Risk Factors: What Makes You Vulnerable?
Genetic predisposition, increased ovulation, family history, and personal history all play a role in the development of ovarian cancer. Dr. Cohn highlights that women with a higher number of ovulation cycles, those who have never been pregnant, never breastfed, and haven't used birth control pills, are more likely to develop the disease. Additionally, fertility medications and certain genetic mutations such as BRCA1, BRCA2, and Lynch Syndrome can increase the risk.
Symptoms: A Warning Sign?
Many ovarian cancer patients experience no symptoms or mild ones until the disease has advanced, which explains its high mortality rate among female reproductive system cancers, according to the National Institutes of Health. Relatively nonspecific symptoms such as abdominal pain, bloating, unexplained back pain, abnormal vaginal bleeding, and changes to bowel movements might hint at ovarian cancer, but these symptoms are common in various conditions.
Diagnosis and Treatment
There's no standardized screening test for ovarian cancer, and diagnosis usually involves a pelvic or abdominal exam to identify a mass or lump, followed by imaging such as ultrasound or CT scan. Indications of ovarian cancer can also be detected through a CA125 blood test, though it's not foolproof When symptoms persist and other tests are inconclusive, doctors may opt for a laparotomy, a surgical procedure to remove a tissue mass for examination.

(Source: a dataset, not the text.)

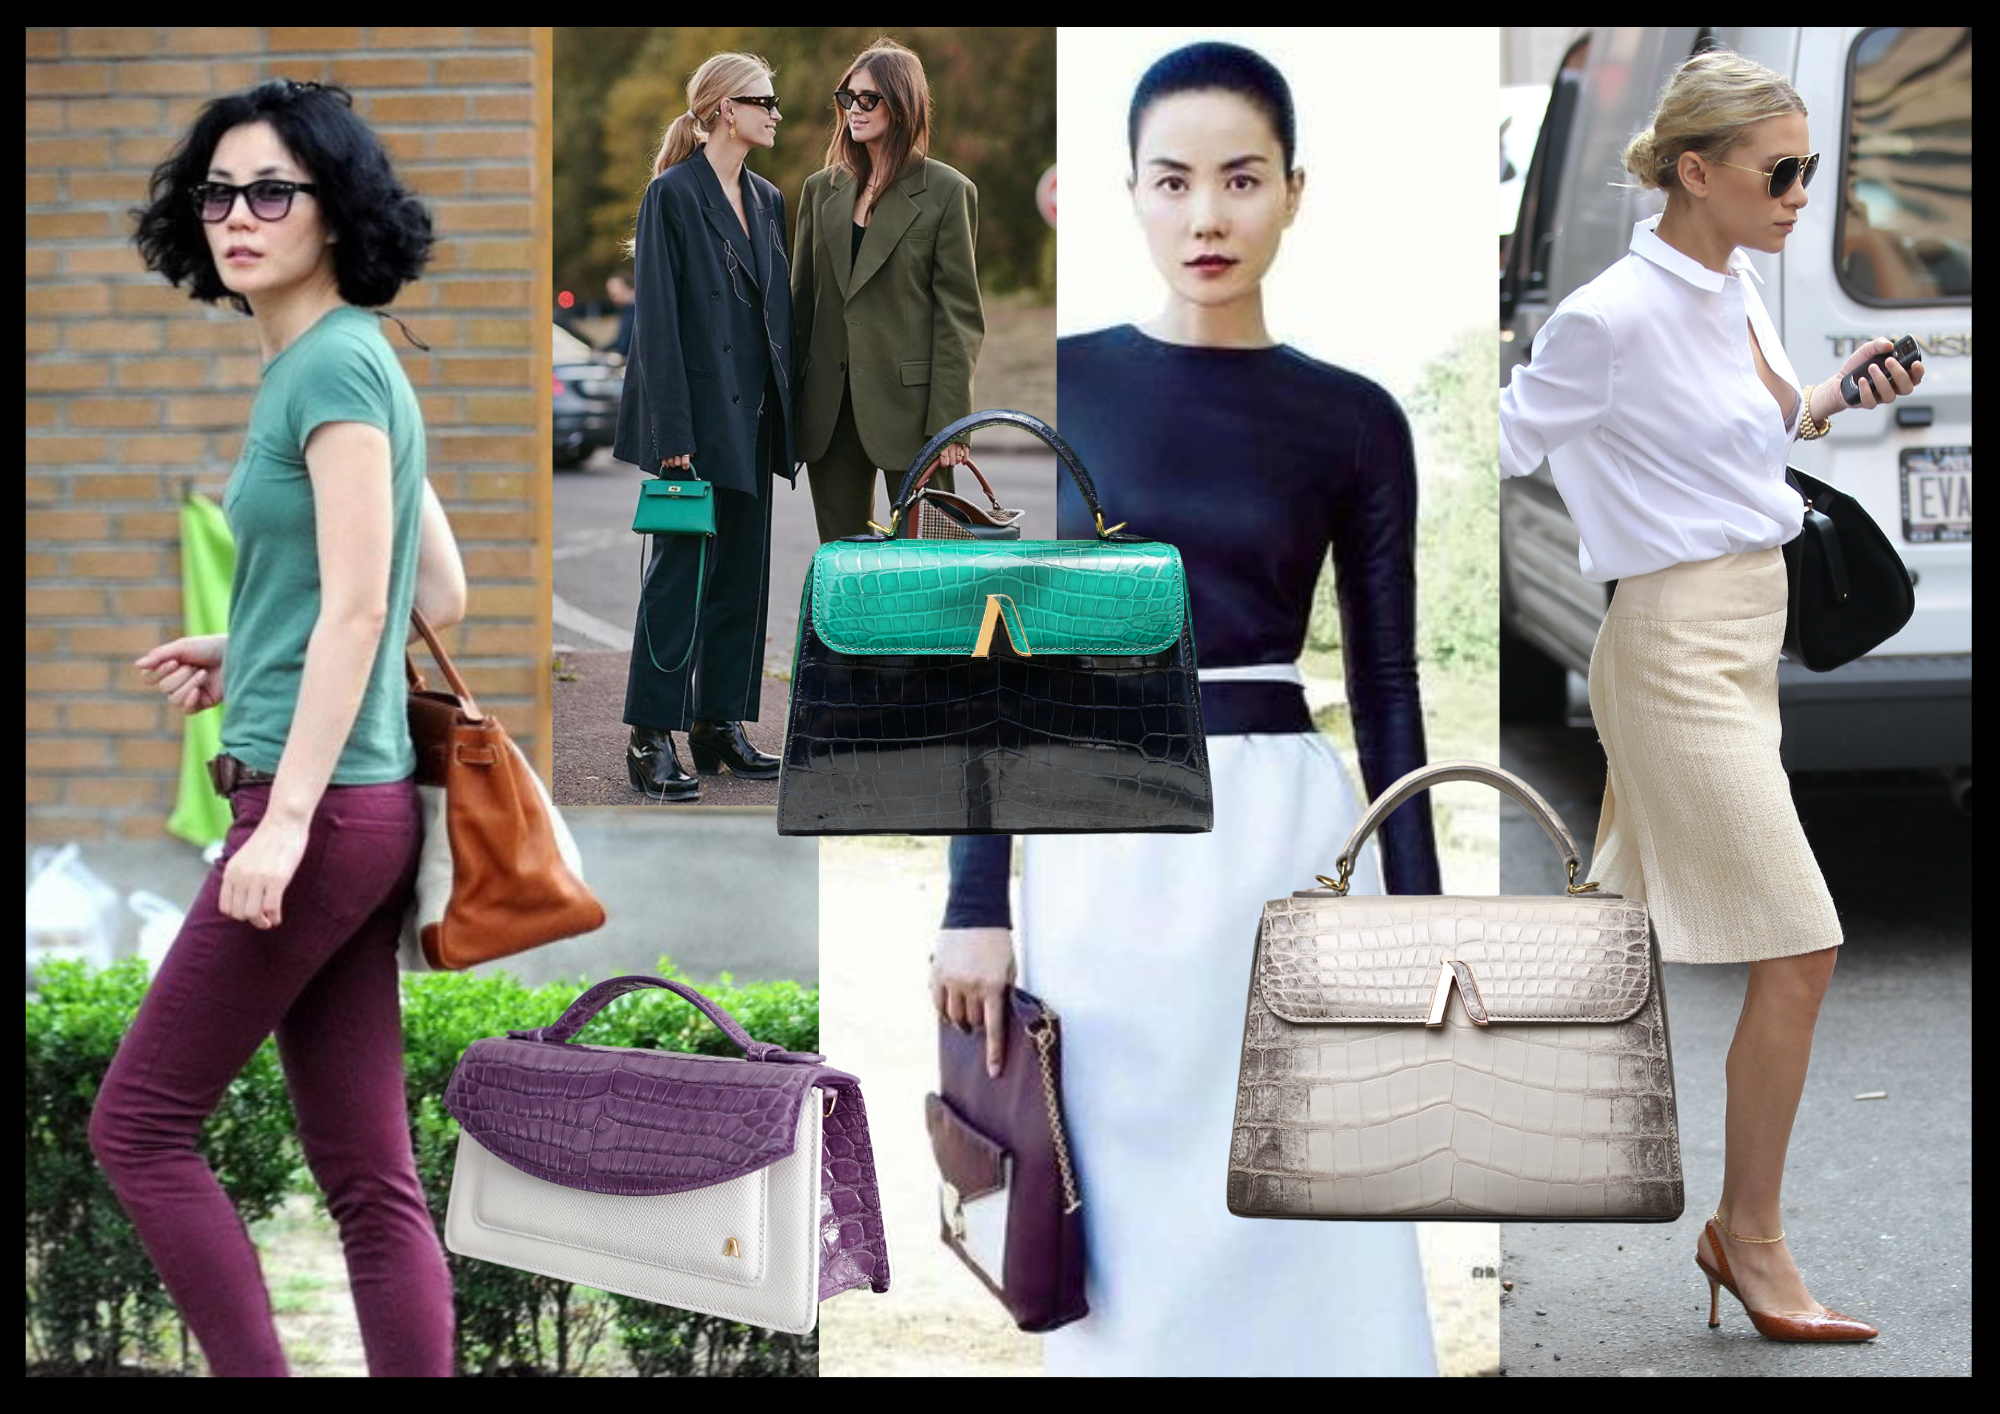 Styling Tips: 3 Ways to Match a Purse to Your Outfit

Standard treatments for ovarian cancer encompass surgery, radiation therapy, and chemotherapy. Novel treatments under investigation include new chemotherapy drugs, vaccines, gene therapy, and immunotherapy. Given the complexity and severity of ovarian cancer, specialized care from gynecologic oncologists is highly recommended.
Although various treatments are available, they come with potential adverse effects. For instance, bevacizumab can cause gastrointestinal perforation, a serious medical condition involving the development of a hole in the digestive tract. Chemotherapy may also result in side effects such as abdominal pain, nausea, and vomiting, making it difficult for patients to complete treatment.
High-Risk Women and Prevention
Women who have a family history of ovarian cancer are at higher risk, and prophylactic oophorectomy (removal of both ovaries) may be considered under certain circumstances to help reduce the risk of ovarian cancer.
Additional Resources
Understanding more about ovarian cancer and finding support can be found at the American Cancer Society. For further resources and news on ovarian cancer, visit the National Ovarian Cancer Coalition or the National Cancer Institute.
Enrichment Data
Genetic factors such as BRCA1, BRCA2, and Lynch Syndrome significantly increase the risk of ovarian cancer. Certain lifestyle factors like never being pregnant, using hormone replacement therapy for extended periods, obesity, and tall height can also contribute to an elevated risk. Endometriosis and the use of certain fertility medications may also be associated with an increased risk of ovarian cancer. Protective factors such as multiple pregnancies can help to reduce the risk by decreasing the number of ovulation cycles.
Women with a high number of ovulation cycles, genetic predispositions such as BRCA1, BRCA2, and Lynch Syndrome, a family history of ovarian cancer, or the use of certain fertility medications may be at a higher risk of developing ovarian cancer, a medical-conditions that can have devastating effects on health-and-wellness. While ovarian cancer can be detected and treated, it often goes undetected due to its insidious symptoms, which is a significant concern in the medical field, especially in light of the disease's link to numerous risk factors.